Goal of the exercise: From the first line to the last, output the data exactly as it stands, minus its pictures.

Data provided:
*** Block opens ***

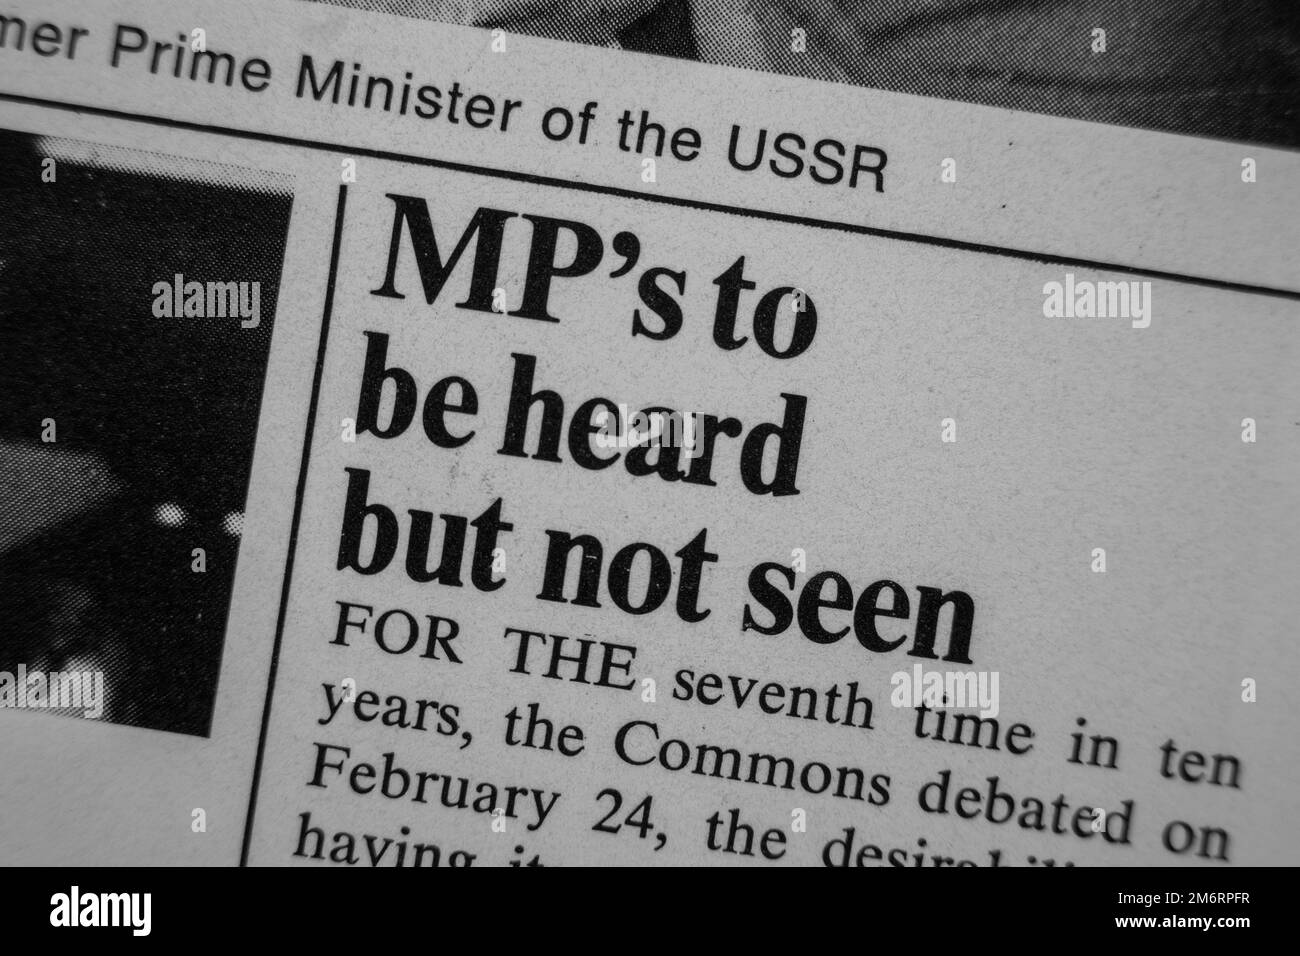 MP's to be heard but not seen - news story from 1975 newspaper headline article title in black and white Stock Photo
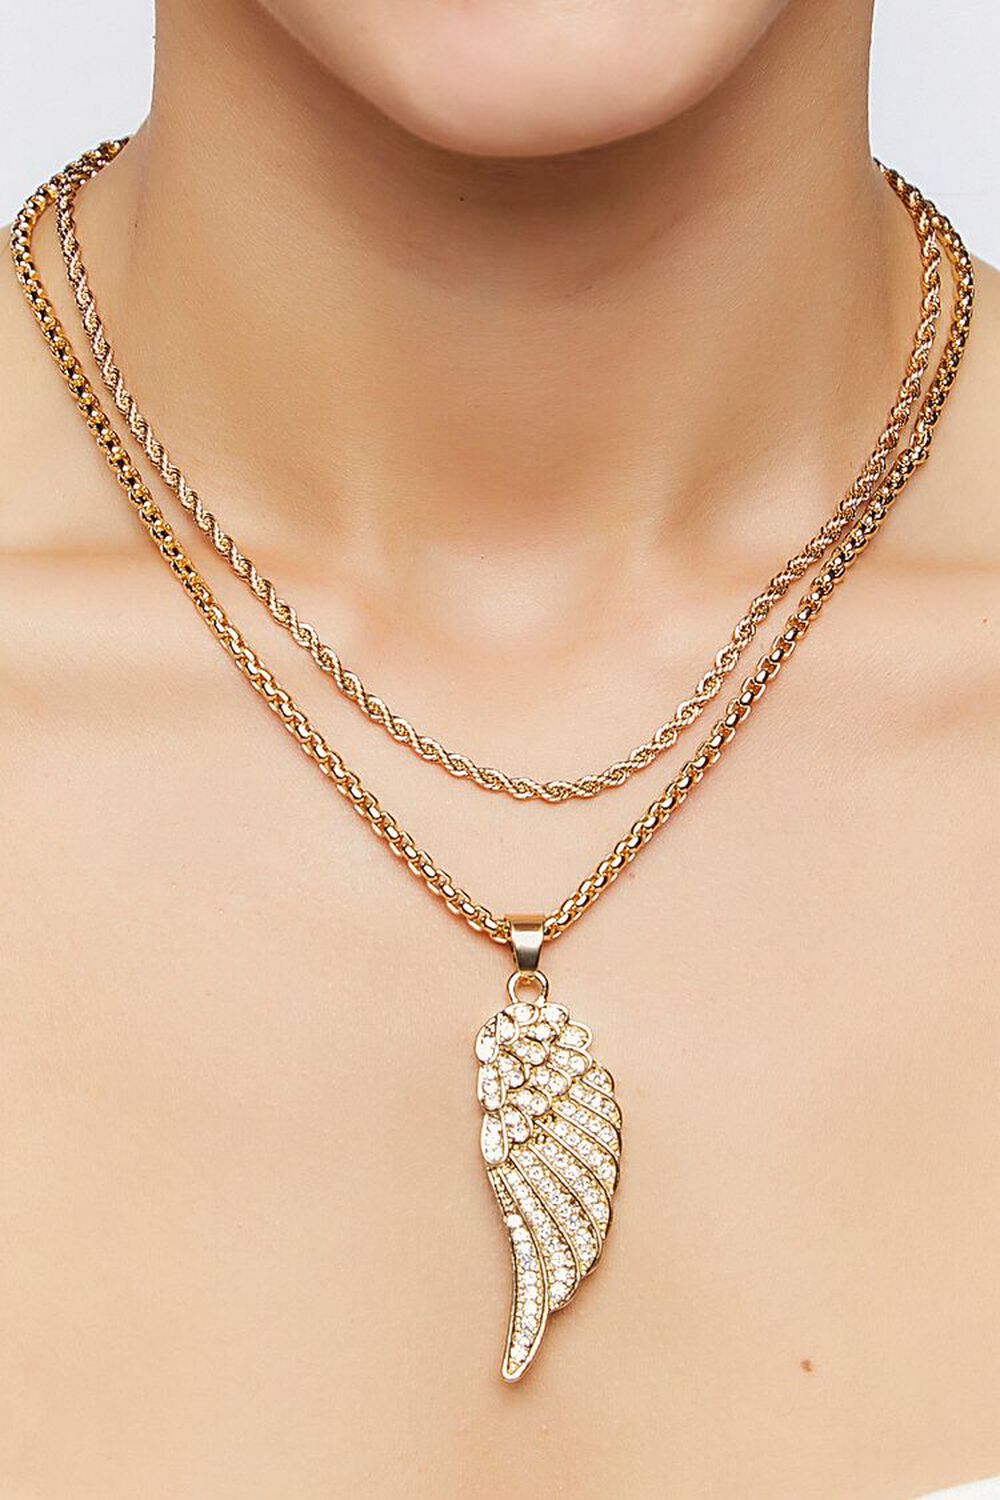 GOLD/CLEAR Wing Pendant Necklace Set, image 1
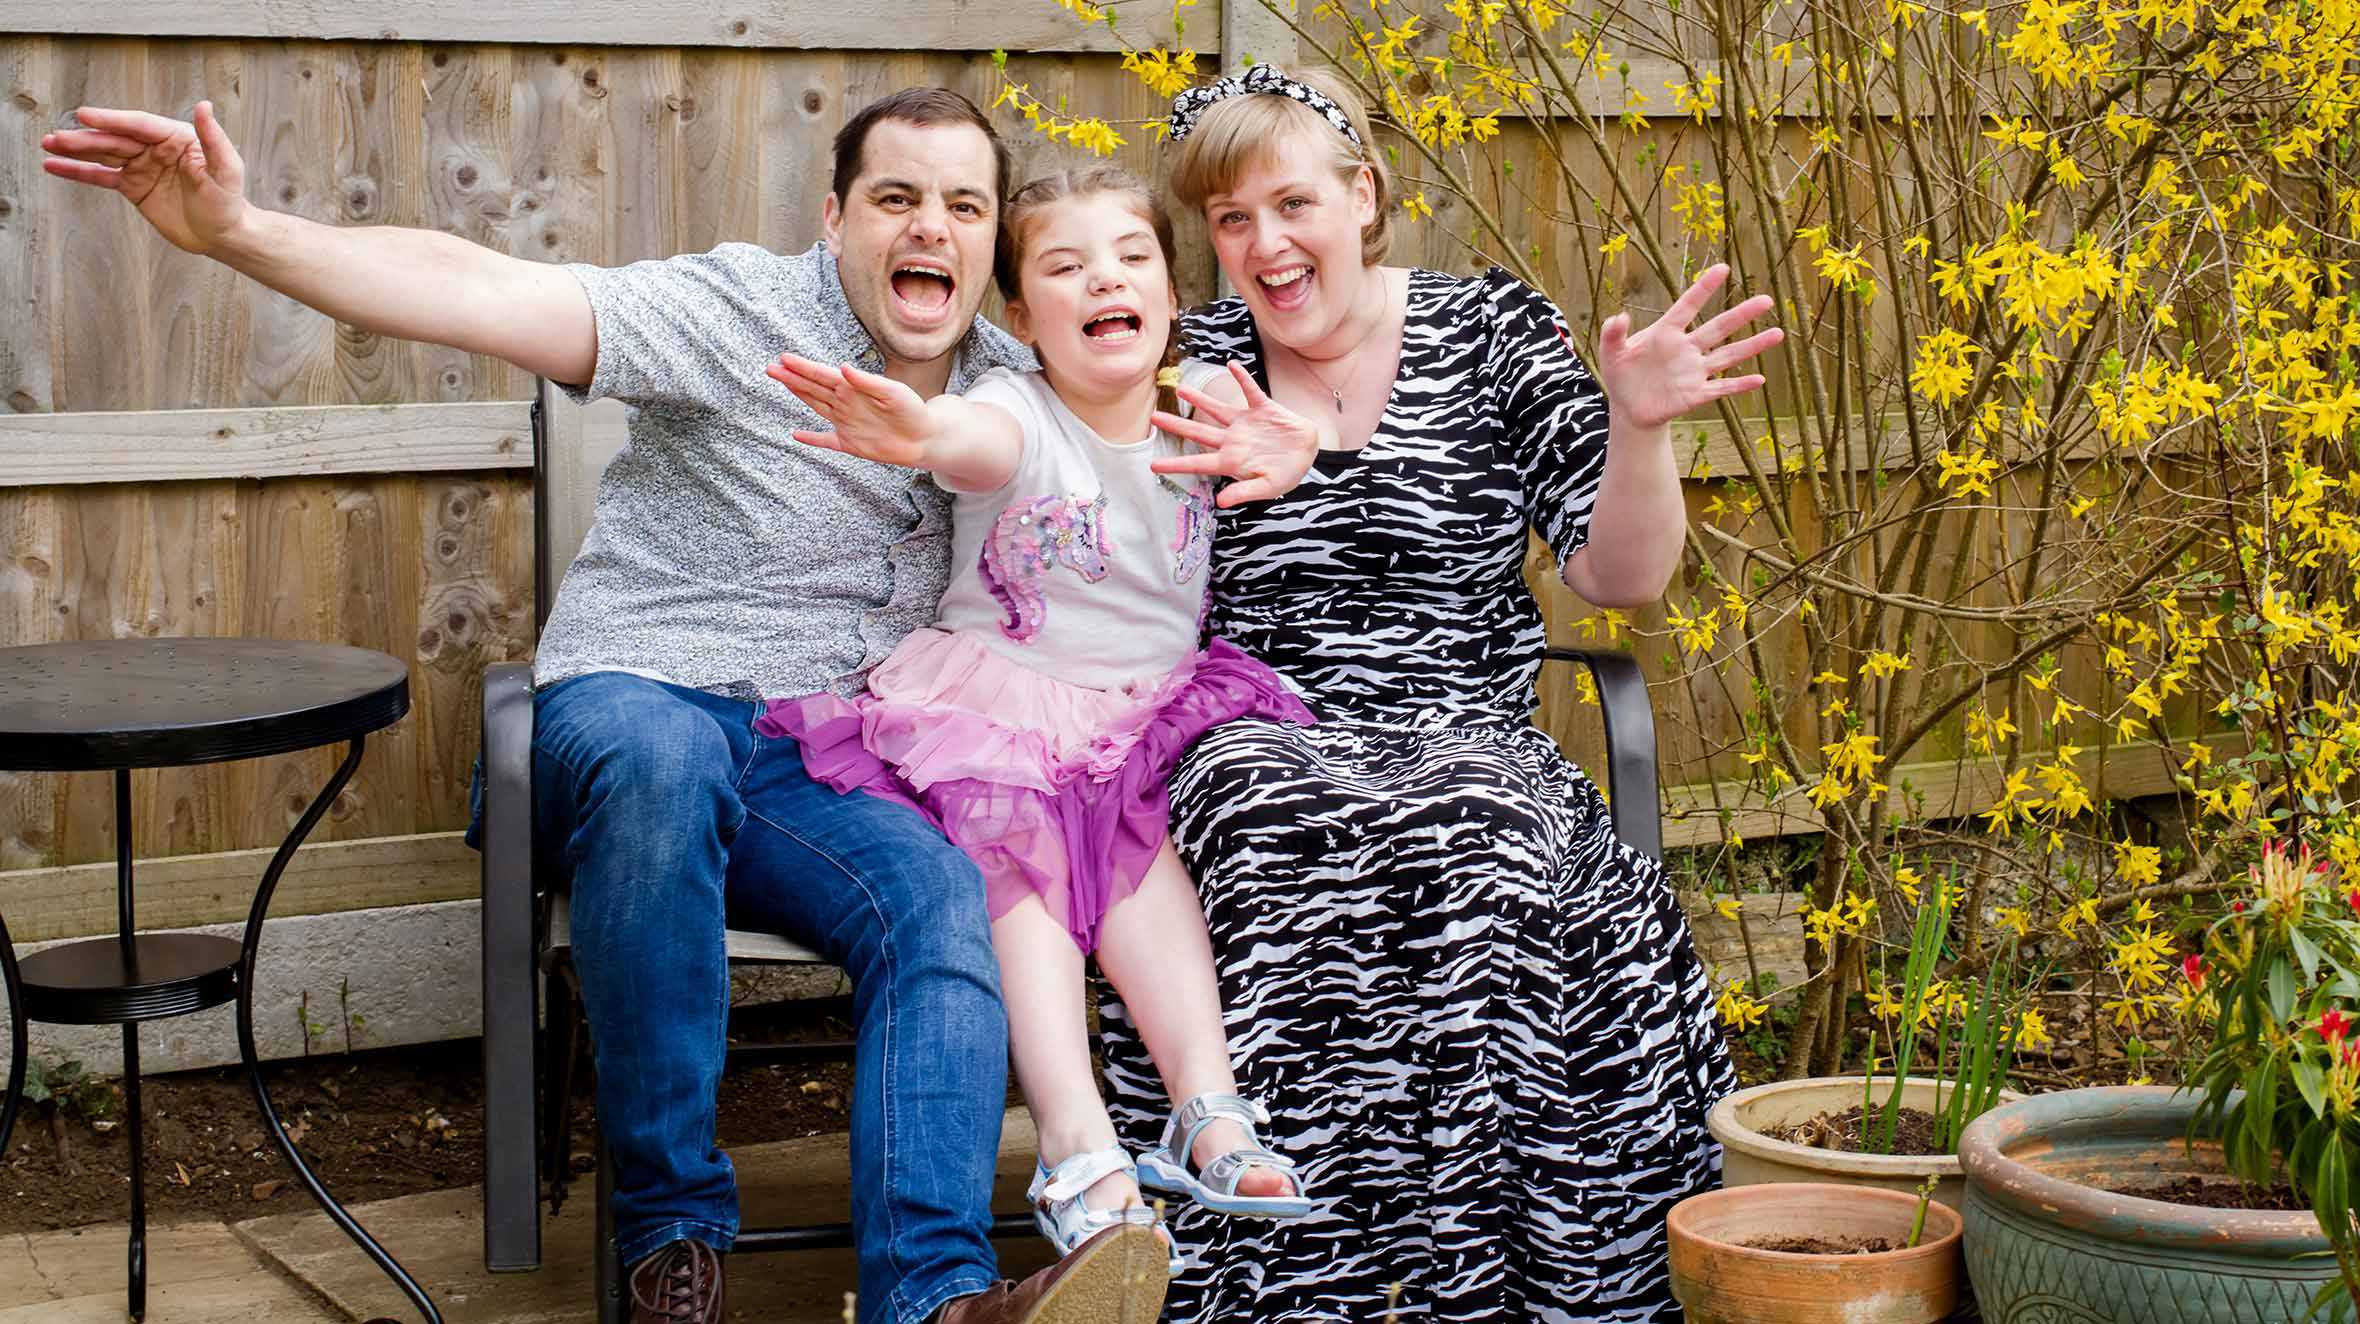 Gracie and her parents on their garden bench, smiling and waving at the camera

*** Block closes ***

Response below:
 MP's to be heard but not seen - news story from 1975 newspaper headline article title in black and white Stock Photo
 GOLD/CLEAR Wing Pendant Necklace Set, image 1
 Gracie and her parents on their garden bench, smiling and waving at the camera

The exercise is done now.